La transformación de la Cámara incluye dos novedades. Cada una tiene su significado y la combinación de ambas produce un nuevo escenario, que supone una degradación de la vida parlamentaria.
La primera es la instalación de ordenadores en los pupitres de los diputados. La lógica conduce a pensar que, si se instalan, no es como mero adorno sino para ser utilizados durante las sesiones. Hasta ahora los diputados disponíamos en nuestros despachos de un ordenador, con el que podíamos trabajar.
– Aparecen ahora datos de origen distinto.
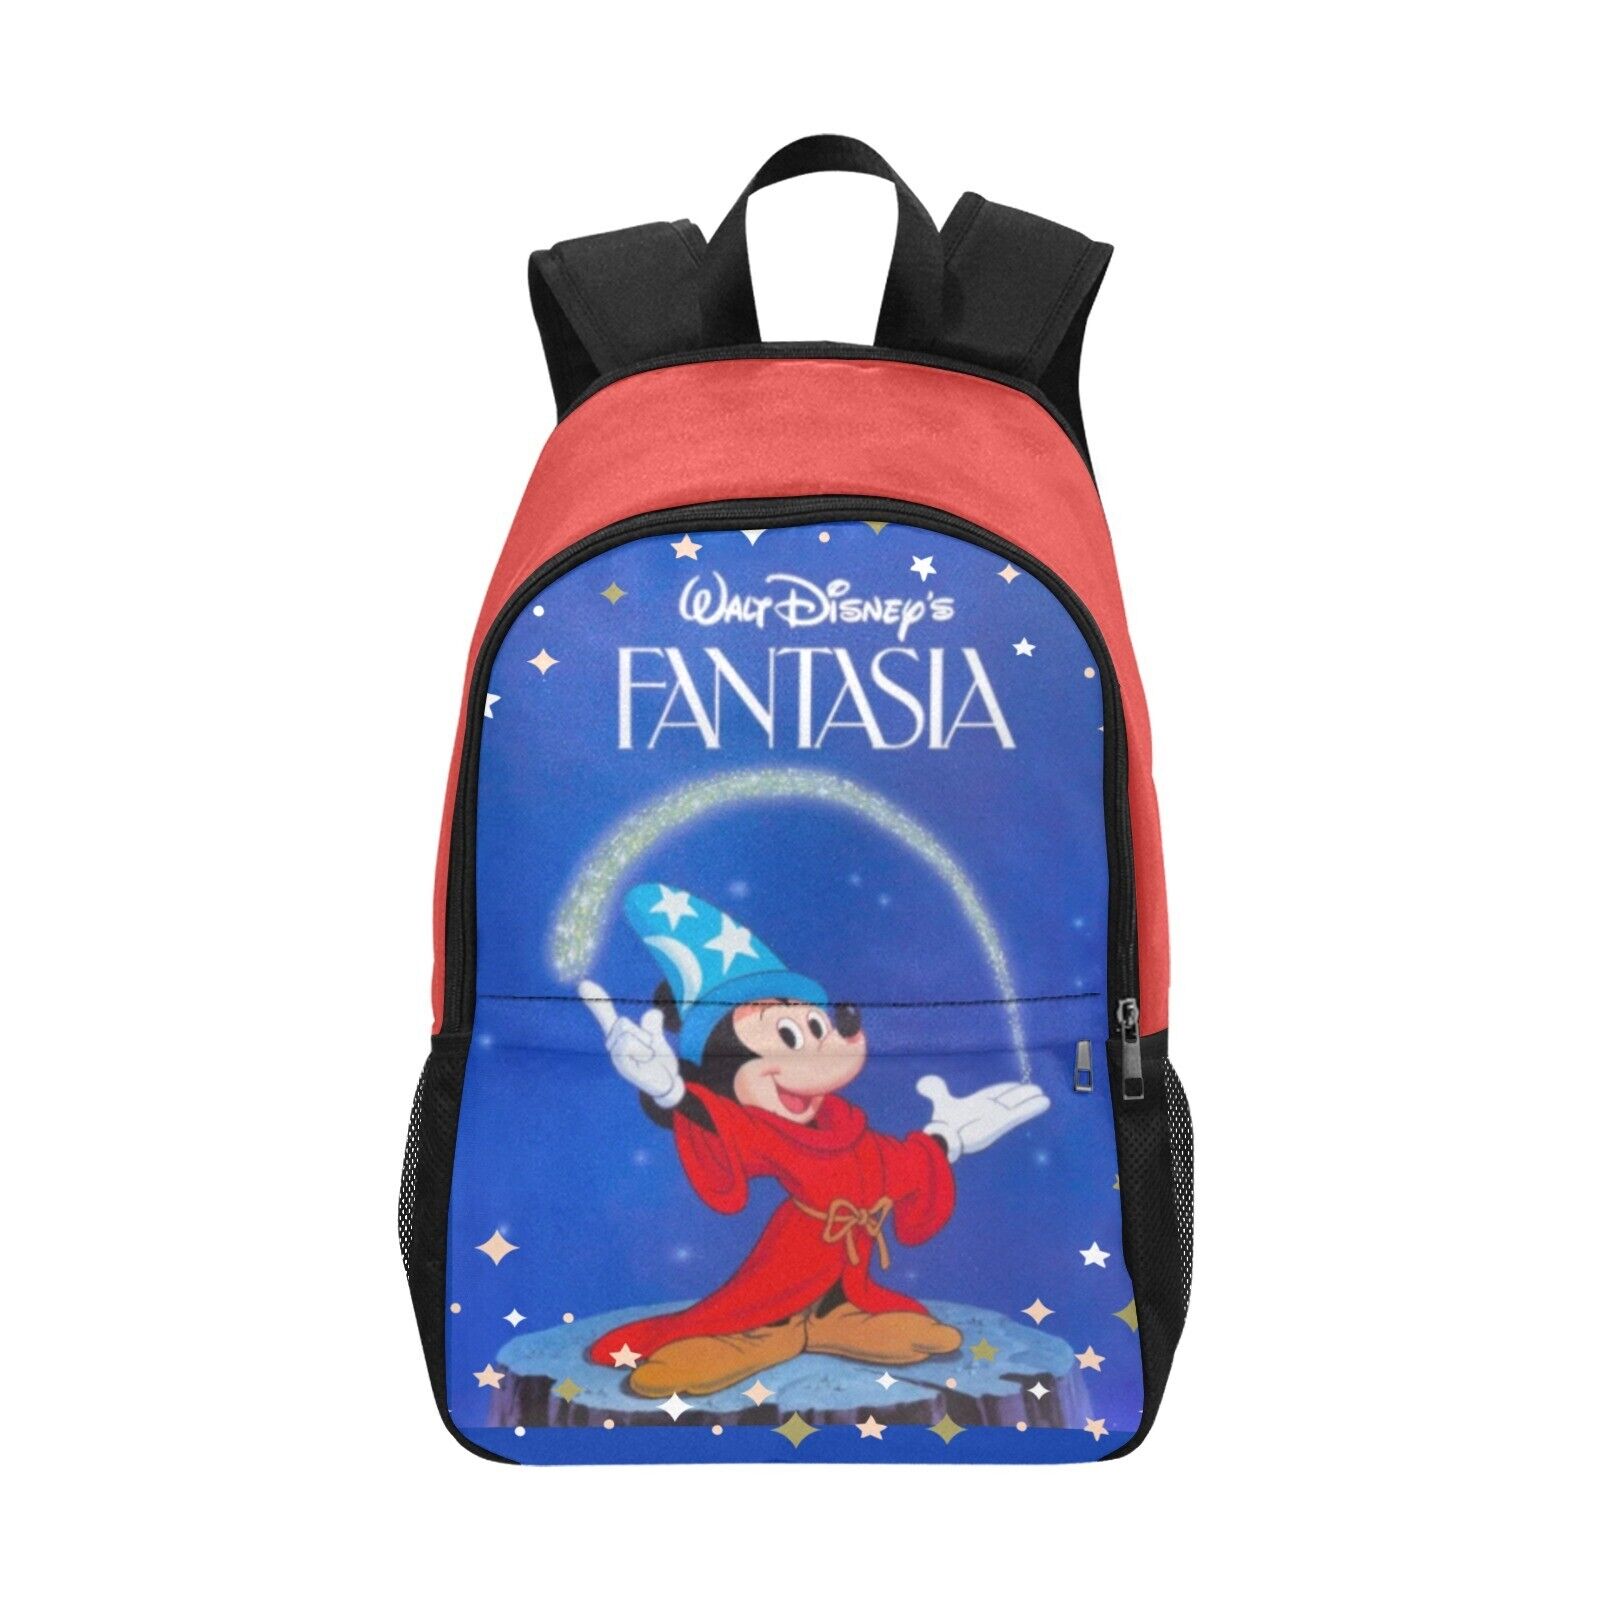 Disney Fantasia Movie Adult Size Backpack, Disney Backpack, Laptop Backpack

Cuando nos concernía o nos interesaba un debate, acudíamos al hemiciclo para escuchar a los oradores y participar, de uno u otro modo, en él (con nuestras intervenciones, nuestro silencio, nuestros murmullos o incluso nuestras exclamaciones que, con la pulcritud de la luz y taquígrafos aparecen recogidas en el Diario de Sesiones).
Ahora, el hemiciclo podrá convertirse (en el mejor de los casos) en una gran sala de trabajo, en la que muchos están a lo suyo y unos cuantos extravagantes peroran sucesivamente desde la tribuna. En el fondo, se trata de una concepción de los debates como monólogos no dirigidos a la Cámara sino... a las cámaras, es decir, a las televisiones. Quien ha concebido esta transformación del hemiciclo, desde luego, tiene muy poco aprecio a la democracia parlamentaria. Acaso la considera una antigualla.
Pero la segunda novedad es más grave que la primera y da pleno sentido a todo el cambio. Consiste en la instalación de dos pantallas gigantes en el frontispicio del hemiciclo, al lado de dos venerables cuadros históricos, para poder seguir televisivamente lo que sucede durante las sesiones. Quien conoce el abc de lo que es la televisión sabe que es imposible hacer una retransmisión absolutamente imparcial y objetiva. La retransmisión es el relato televisivo de un acontecimiento desde un punto de vista, desde una perspectiva. Siempre tiene algo subjetivo. El realizador tiene que decidir cuándo ofrece un primer plano (el presidente del Gobierno sonriendo, por ejemplo, o el sr. Marín recriminando a un diputado díscolo) o cuándo ofrece un plano general. Él decide (no puede actuar de otro modo) qué es aquello que considera más interesante entre lo que está sucediendo en el hemiciclo.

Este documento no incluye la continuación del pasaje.